The main opposition party organised the seminar on ‘rise of militancy’ as part of its series of anti-government programmes marking the four-year of the four-party alliance government. A former principal of the Foreign Service Academy, Mohiuddin Ahmed, said the Awami League was ready to accept any sort of interference of external forces in eliminating the fundamentalist militants in Bangladesh. ‘If needed, we are ready to accept any sort of interference of external forces to resist fundamentalists,’ Mohiuddin, also the special guest at the seminar, said. Echoing Mohiuddin Ahmed, AL central leader Professor Abu Sayeed said if the government could welcome external agencies to probe incidents like grenade attacks on an AL rally and on the British high commissioner in Dhaka, why the AL should not welcome external forces in resisting militants.

Asked whether the Awami League supports the US invasion on Iraq and Afghanistan in the name of eliminating militants, Mohiuddin Ahmed said they supported invasion on Afghanistan as the US had taken mandate from the United Nations for it.

AL joint secretary Obaidul Kader, executive president of Jatiya Samajtantrik Dal, Moinuddin Khan Badal, and AL leader Akhtaruzzaman also addressed the seminar held at the Dhaka reporters Unity.

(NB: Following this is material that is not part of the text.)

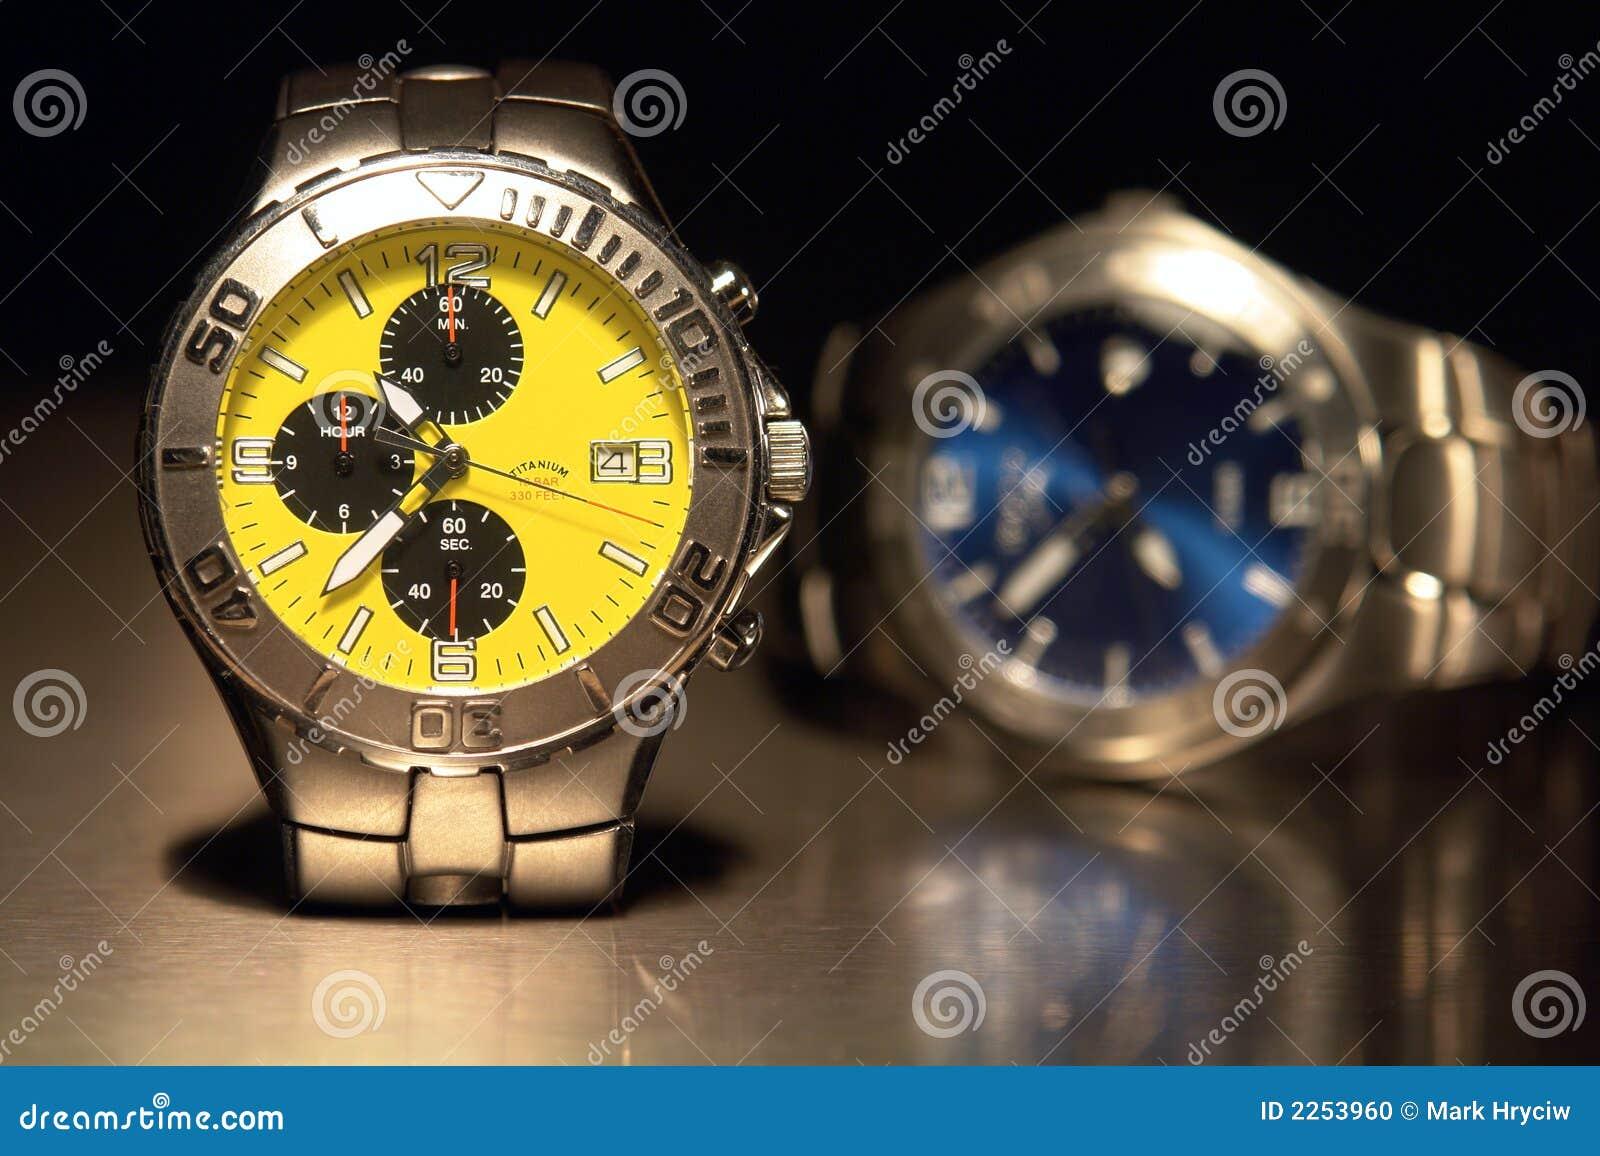 Men s Watches
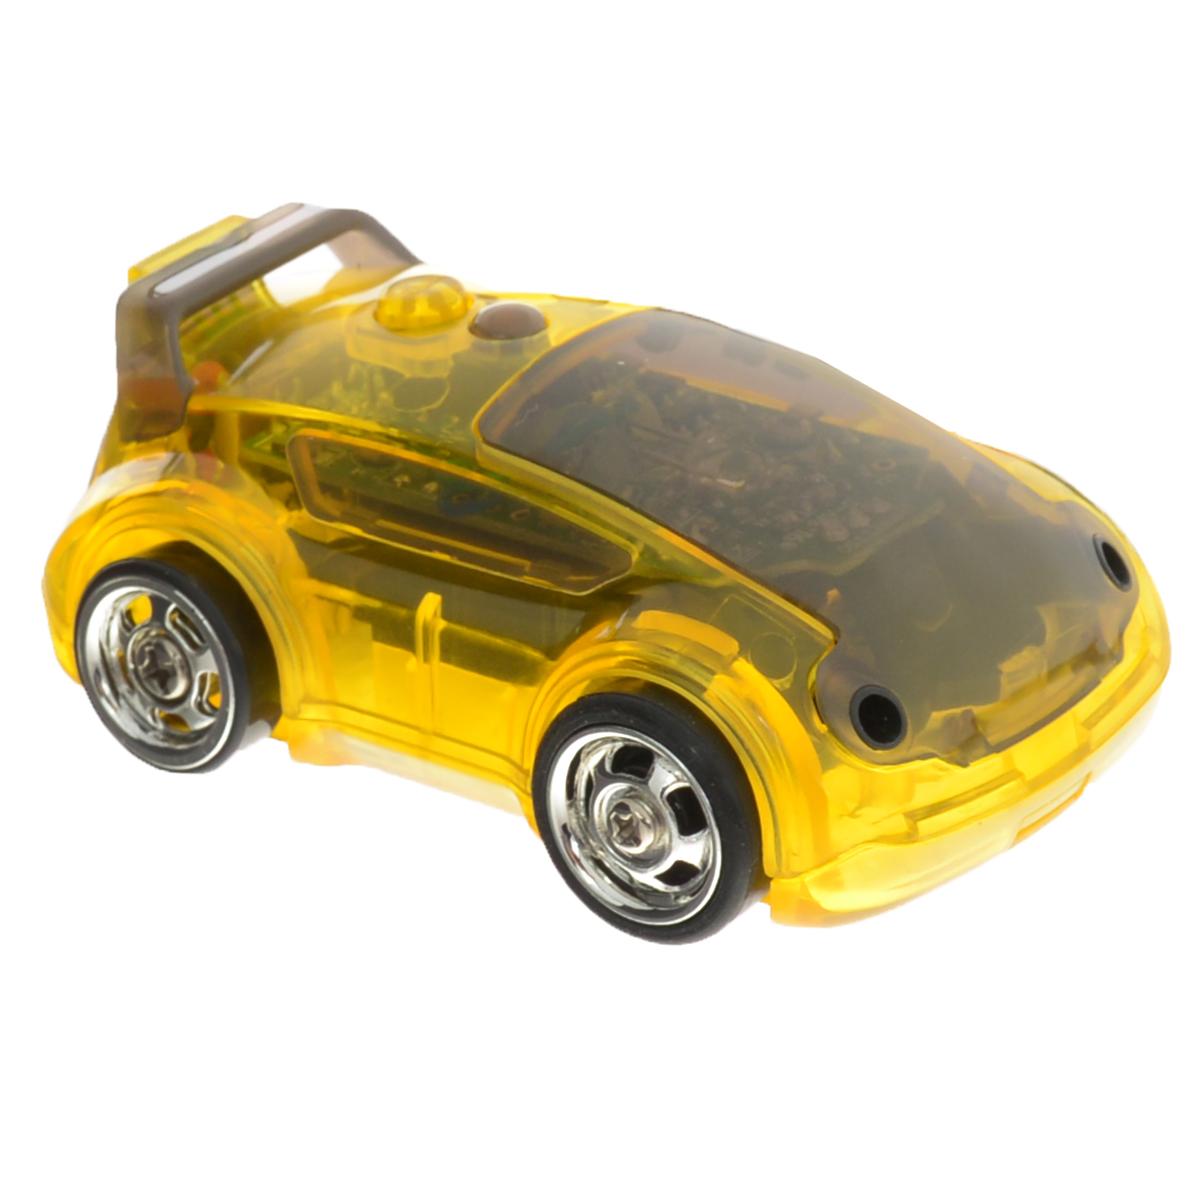 DeskPets Машина-микроробот на радиоуправлении Карбот цвет желтый

They said fundamentalist militants were now in aggressive mood in the country with direct patronisation of the BNP-Jamaat alliance government. Terming Jamaat-e-Islami Bangladesh and its student front, Islami Chhatra Shibir, militant, they demanded immediate ban of all militant groups active in the country. Abu Sayeed, who was the state minister for information of the past Awami League government, said Jamaat and Shibir were providing arms training to the militants through 7,000 madrassahs in the country.